An additional source of complexity is that the items have different values, and I want to match on the highest valued trade possible, rather than on the most number of matches between two traders. So in the example above, if all items are worth 1, but A and D are both worth 10, User 1 now gets matched with User 2 above User 3.
A naive way to do this would to compute the max trade value between the user looking for partners vs. all other users in the database. I'm thinking with some lookup tables on the right things I might be able to do better. I've tried googling around, since this seems like a classical problem, but I don't know the name for it.

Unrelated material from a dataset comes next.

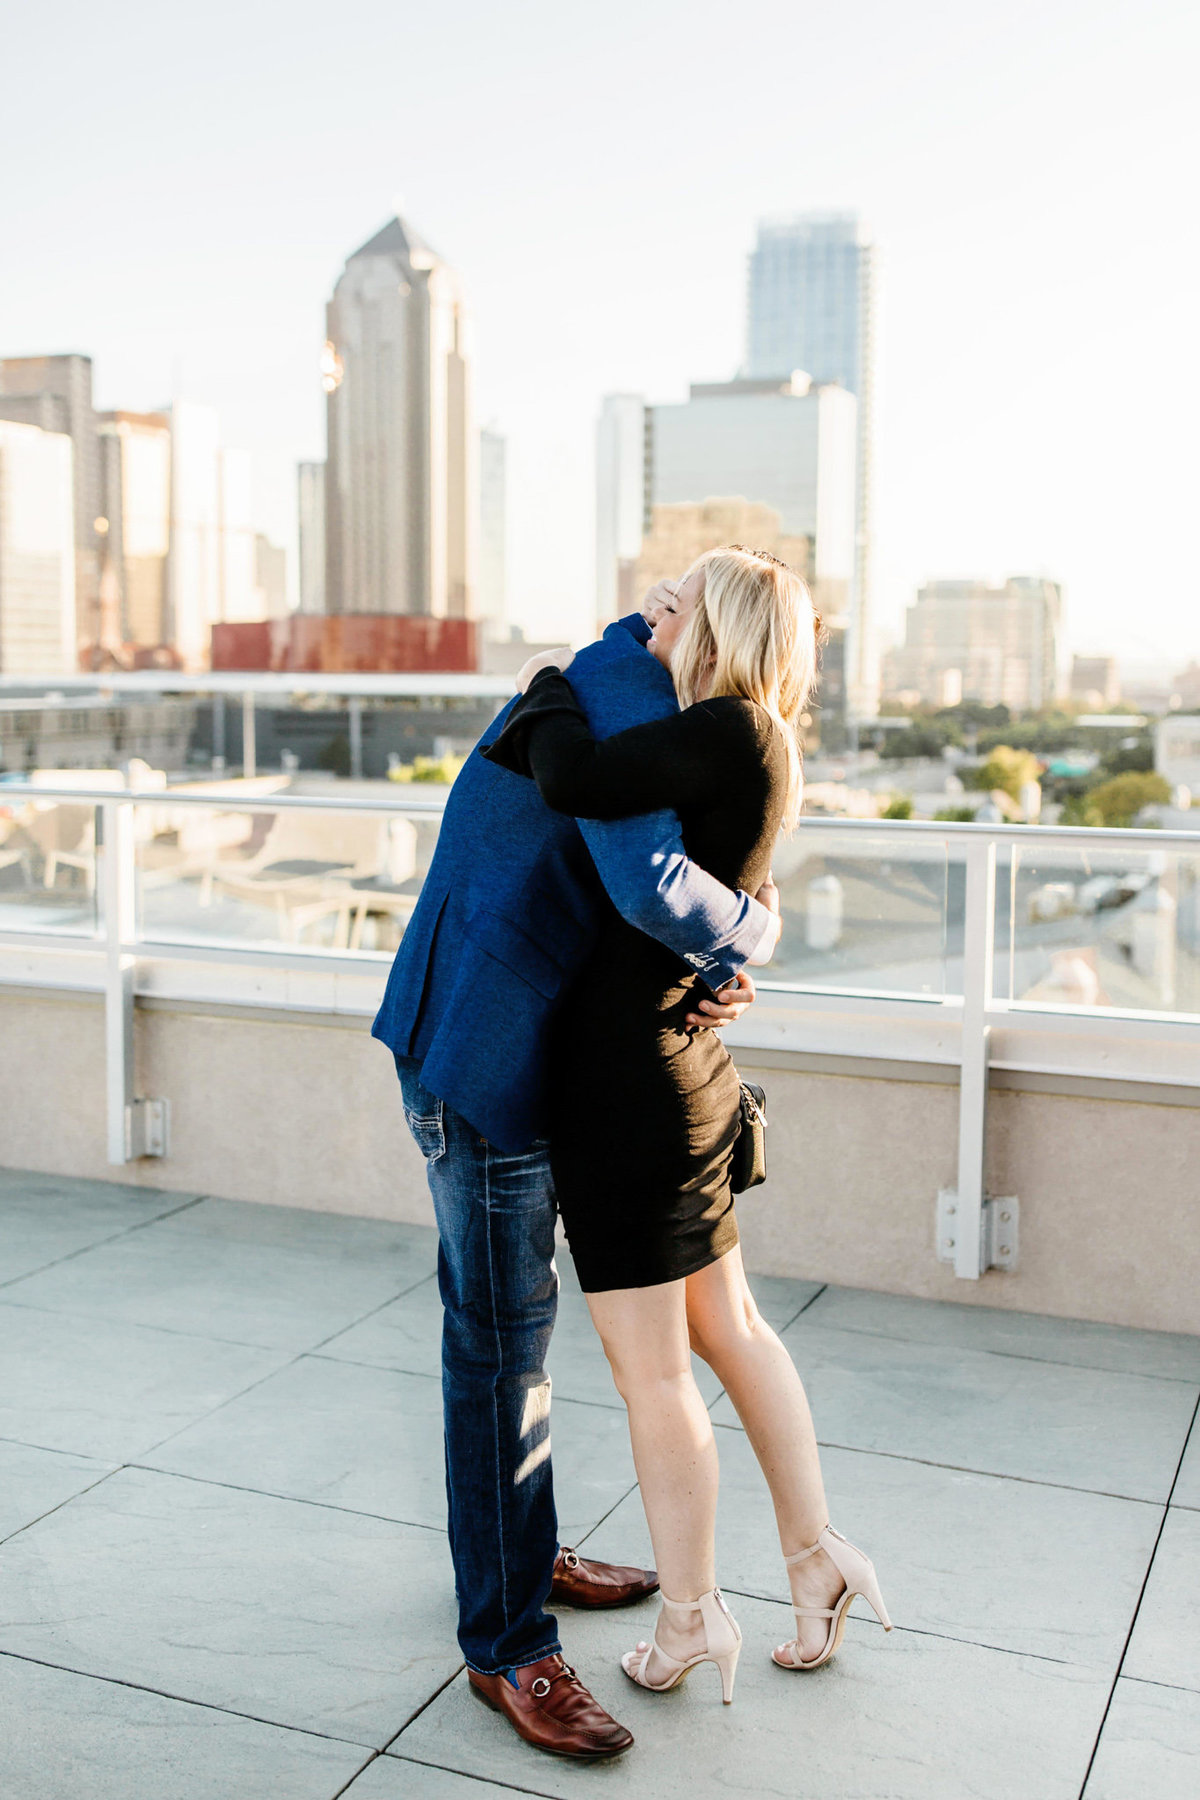 Eric & Megan - Downtown Dallas Rooftop Proposal & Engagement Session-39

Can anyone recommend a good approach to solving this problem? I've seen sites like the Magic Online Trading League that seem to solve it in realtime.
You could do this in O(n*k^2) (n is the number of people, k is the average number of items they have/want) by keeping hash tables (or, in a database, indexes) of all the people who have and want given items, then giving scores for all the people who have items the current user wants, and want items the current user has. Display the top 10 or 20 scores.

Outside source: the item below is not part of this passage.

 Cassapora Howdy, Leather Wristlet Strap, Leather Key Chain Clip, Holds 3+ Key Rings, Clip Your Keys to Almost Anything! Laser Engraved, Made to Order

[Edit] Example of how this would be implemented in SQL:
-- Get score for #userid wants
SELECT UserHas.UserID, SUM(Items.Weight) AS Score
FROM UserWants
INNER JOIN UserHas ON UserWants.ItemID = UserHas.ItemID
INNER JOIN Items ON Items.ItemID = UserWants.ItemID
WHERE UserWants.UserID = #userid
GROUP BY UserWants.UserID, UserHas.UserID
This gives you a list of other users and their score, based on what items they have that the current user wants. Do the same for items the current user has the others want, then combine them somehow (add the scores or whatever you want) and grab the top 10.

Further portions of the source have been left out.